そのころ我が家で乗っていたコロナのドアに比べれば、お屋敷の塀の勝手口、玄関ではなく庭へ入る門。そんな雰囲気だった。特にリヤドアは、薄い上にクリフカットとエンジンルームのサイドルーバーとの視覚効果で、何となく、バラの植え込みのある庭へ入る白く塗装された鉄格子の小さな門扉を彷彿させた。

ボディが、白にピンクのツートンだったことが大きいかもしれない。たっちゃんのキャロルは、フロントをぐるっと囲むトリミングモールが追加された後期型だったと思う。

たっちゃんのキャロルは、デイリーユースの高速ランナーだった。というのもたっちゃんは道路公団の職員で、毎日名神高速の豊中インターから茨城インターまでキャロルで通勤していたのである。その副産物としてキャロルの車内には大量の未清算通行券があった。というより散乱していた。

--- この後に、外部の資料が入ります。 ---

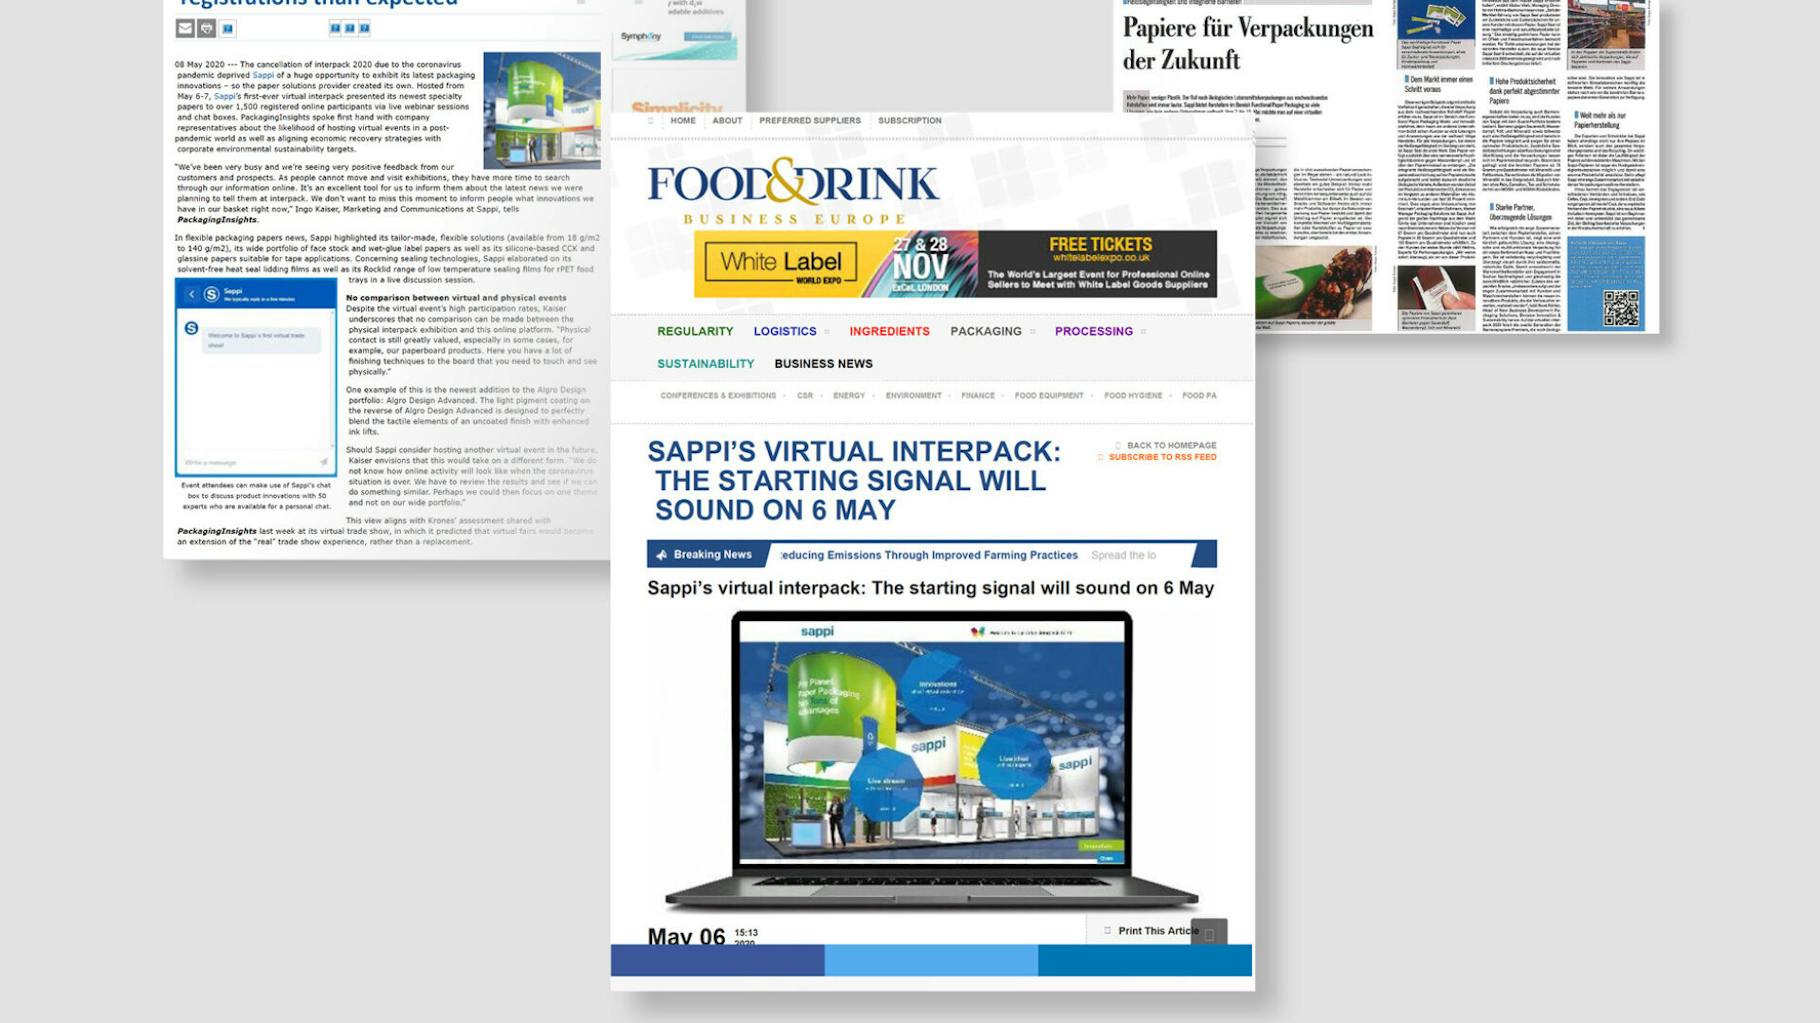 Zwei Screenshots einer Website und ein Scan einer Zeitschrift zum Thema virtuelle Messe sind abgebildet.

その理由はこうだ。往路ではインターの料金所で通行券を受け取るものの茨城インターでは料金所手前の事務室へ入るので清算することがない。帰路に関しては職員用通行証のようなものがあって通行券なしで料金所を出る。確かそんなシステムだったと思う。当時の通行券は、パンチカード式で普通の封筒くらいのサイズだった。

もうひとつ、ヒュルヒュルの思い出は、たっちゃんは中古で購入したときに、車検のタイミングだったのか名義変更の手続きの事情だったか、これも正確に覚えていないのだが、しばらく仮ナンバーで走っていたことだ。業者が回送用に使える「臨時ナンバー」というやつだった。そういうモノがあるというのをヒュルヒュルを通じて知った。

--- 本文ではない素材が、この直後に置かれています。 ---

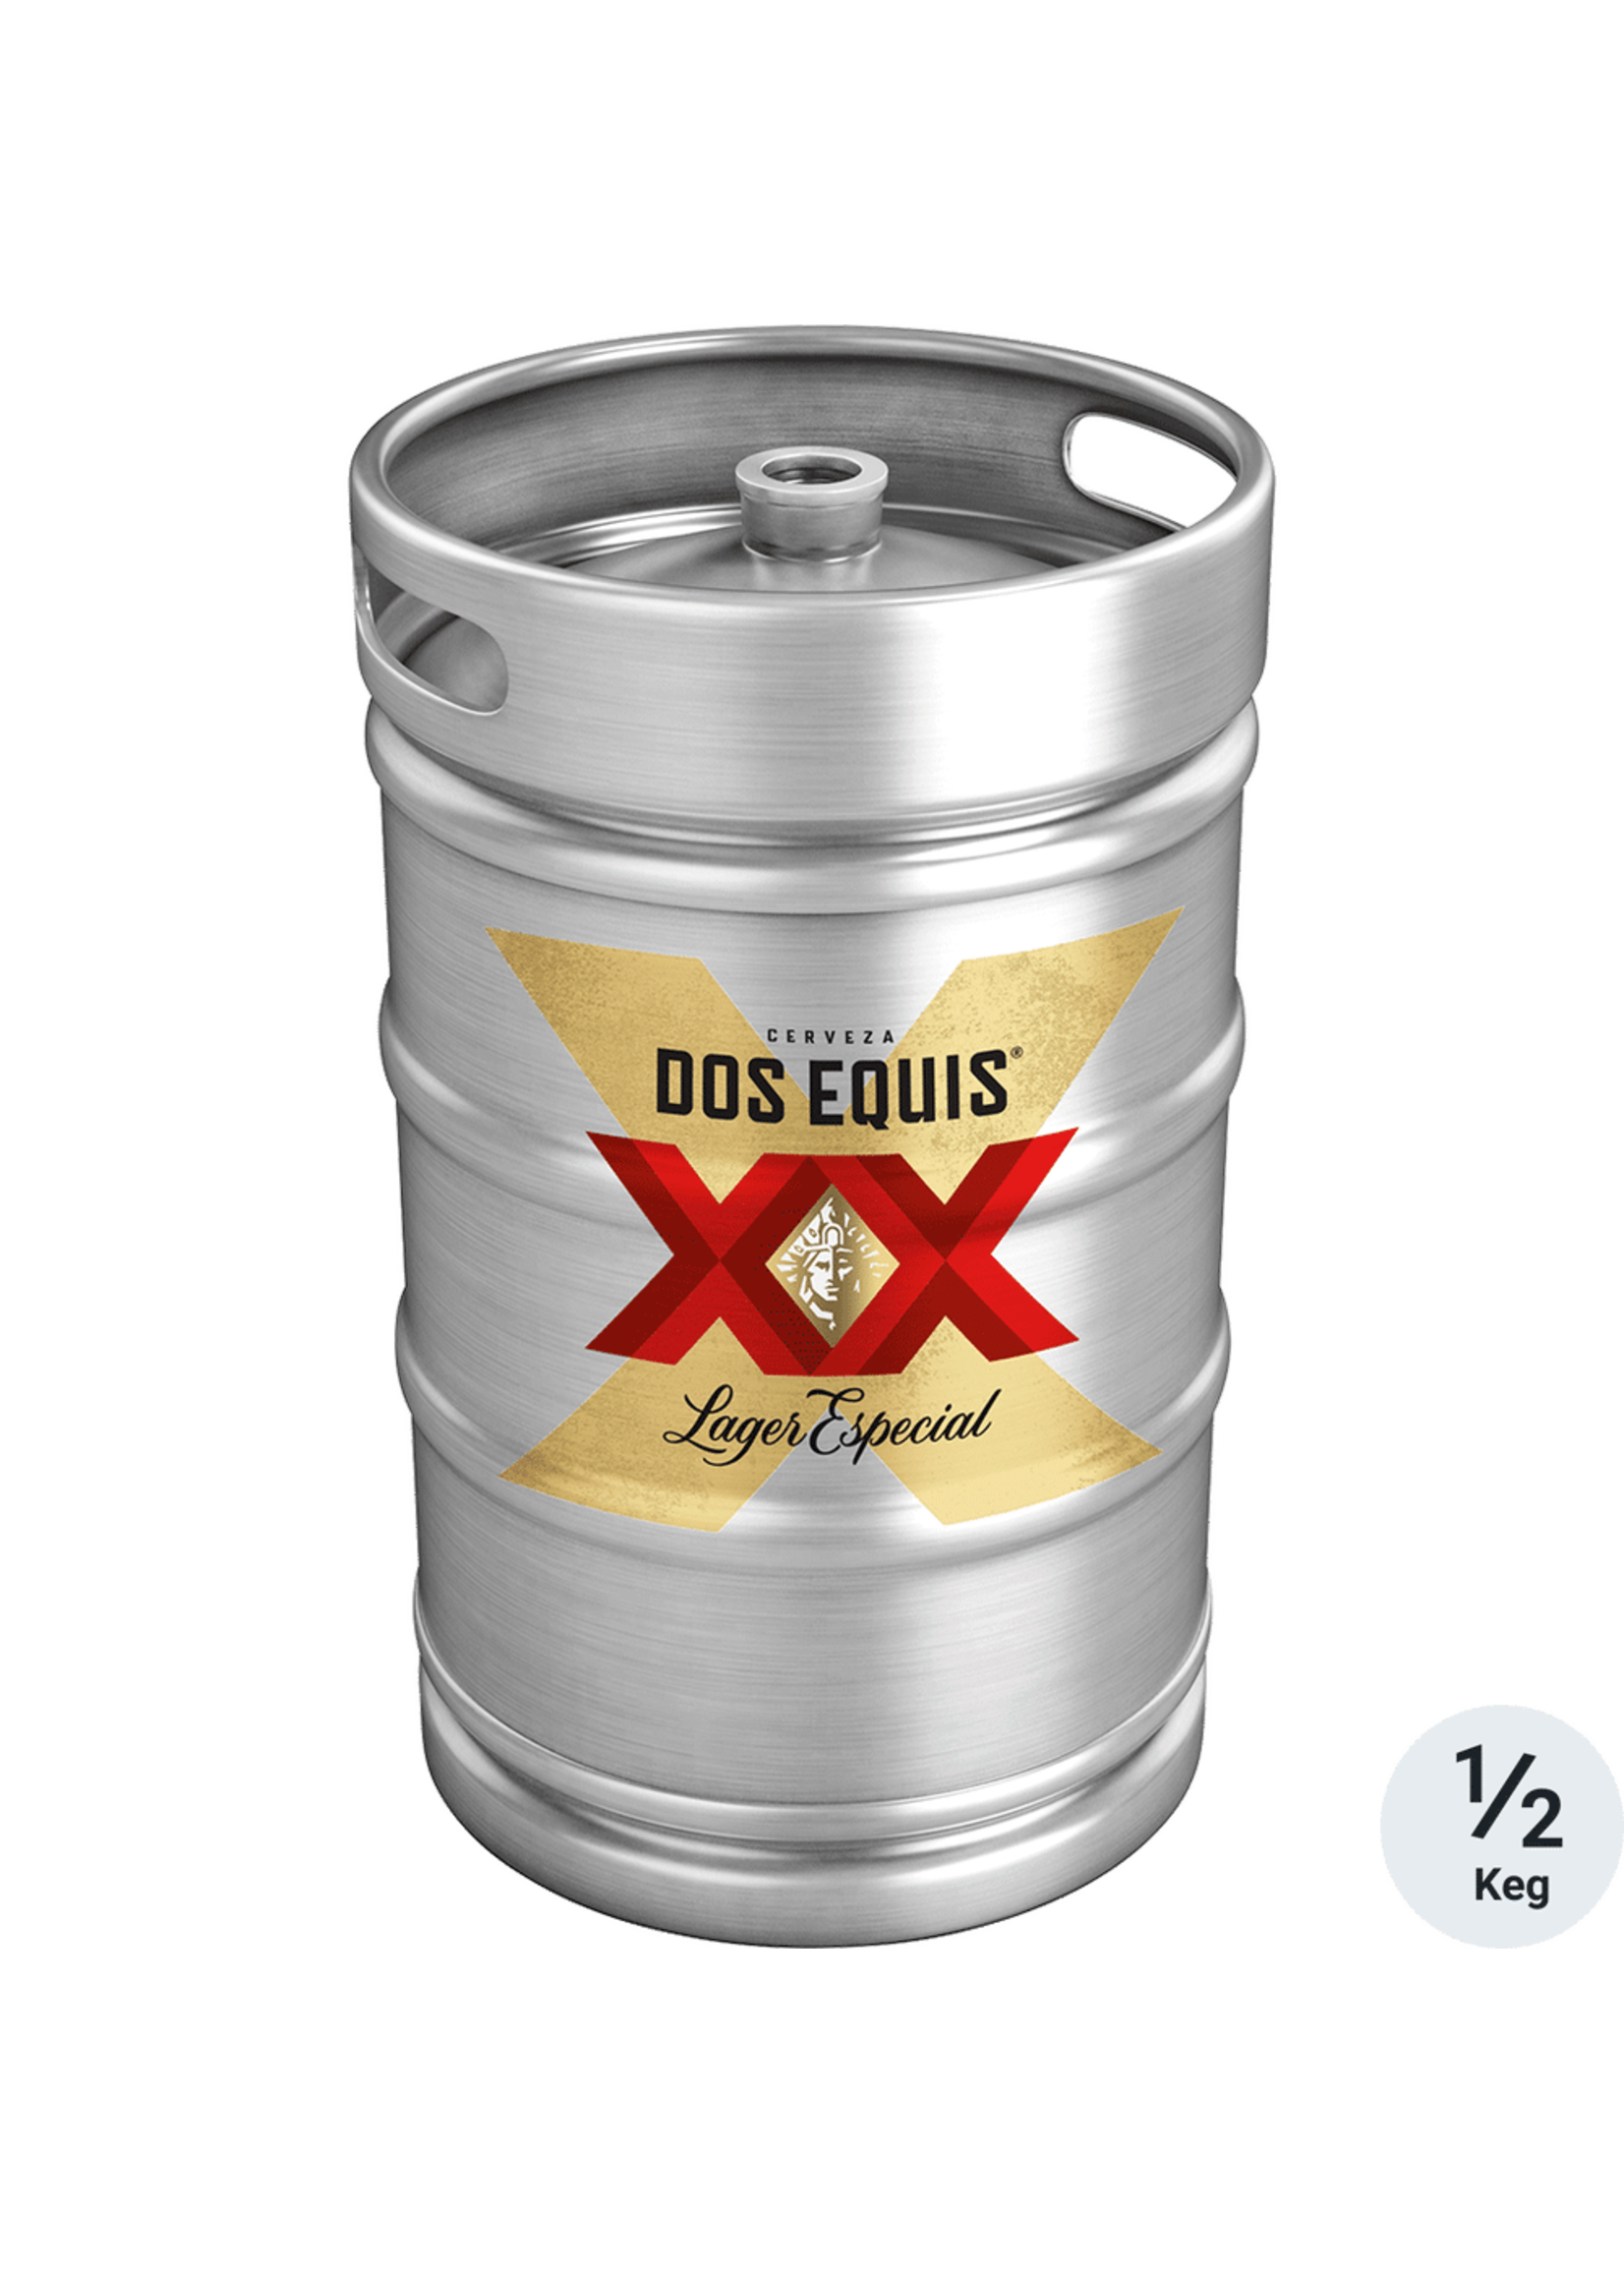 Dos Equis Lager Especial Keg 1/2 (15.5 Gallon)

今考えると、360ccのキャロルがほとんど毎日臨時ナンバーで高速をフリーパスで走っていた、というのは何ともスゴイといえる話だ。

白いボディにピンクのルーフのキャロルが、出来て間もない名神高速を疾走する姿は、微笑ましいものだったのか、ちょっと悲惨さも含めた中にガンバリのある凛々しいものだったのか、それとも・・・目の当たりにしていないので何とも言えないが、クリフカットでちょっと尻下がりのリヤビューは絶対にカワイかったに違いない。

ヒュルヒュルに乗せてもらったのは、覚えている限りでは数回、ほんの近所までだったと思う。前述したように、毎日通勤で使用しているし、当時、夜にクルマで買い物とかお出かけなどといっても開いてる店などない郊外ではどこへも行きようがなかったからだ。

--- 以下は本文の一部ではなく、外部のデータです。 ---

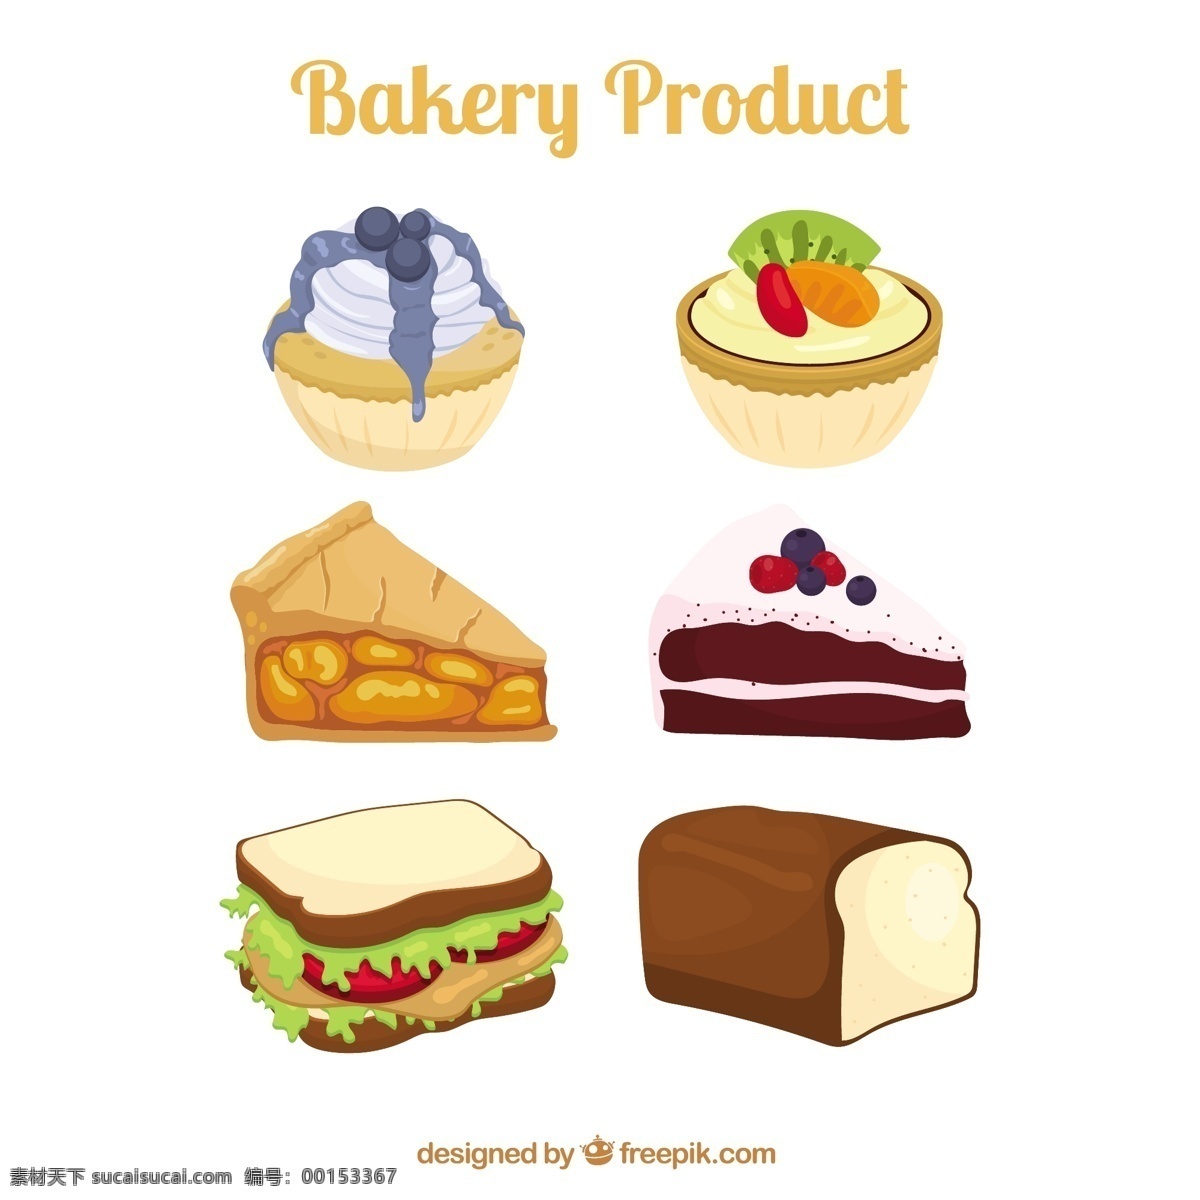 面包店 产品 说明 食品 蛋糕 面包 糕点 甜 好吃 产品说明 咖啡馆 白色

それゆえ、キャロルに関してのインプレッションはほとんどない。覚えているのは、子供でもかなりキツイ後席。バラ園の門たるリヤドアはアリバイ工作のための存在である。大型のアメ車のスタイリングテイストをぐぐっと縮小したボディデザイン、オシャレなツートンカラー、いっぱいあるモール類やサッシュなどなど・・・なんだか乗り込むとオママゴトの世界に踏み込んでしまったようなクルマ、それがキャロルの総合的な感想だ。だから、「バラ園」なのである。

当時から、つるバラのアーチのあるガレージに置いていおくのにもっとも似合う軽だと位置づけていた。

たっちゃんは、新婚夫婦感に赤ちゃんが生まれたこともあって、軽なれど4ドアのキャロルを選択したのだと言っていた。ほどなくして、奥さんとちっちゃな赤ちゃんが病院から帰宅した。リヤシートに収まるちょっと大空真弓に似た奥さんと抱かれた赤ちゃんと、ピンクのルーフのキャロルは、とても微笑ましいコントラストを見せていた。

その前後に、ナンバーは本ナンバーに替わり、同時に工場で整備してもらったということで、ヒュルヒュル音も消えていた。次は、高速でふらつきやすいからタイヤか足回りかなぁ、とたっちゃんは計画していたようだが、その計画が実行される前に、またヒュルヒュルという音が前より小さいもののしだした、と照れ笑いしながらこぼしていた。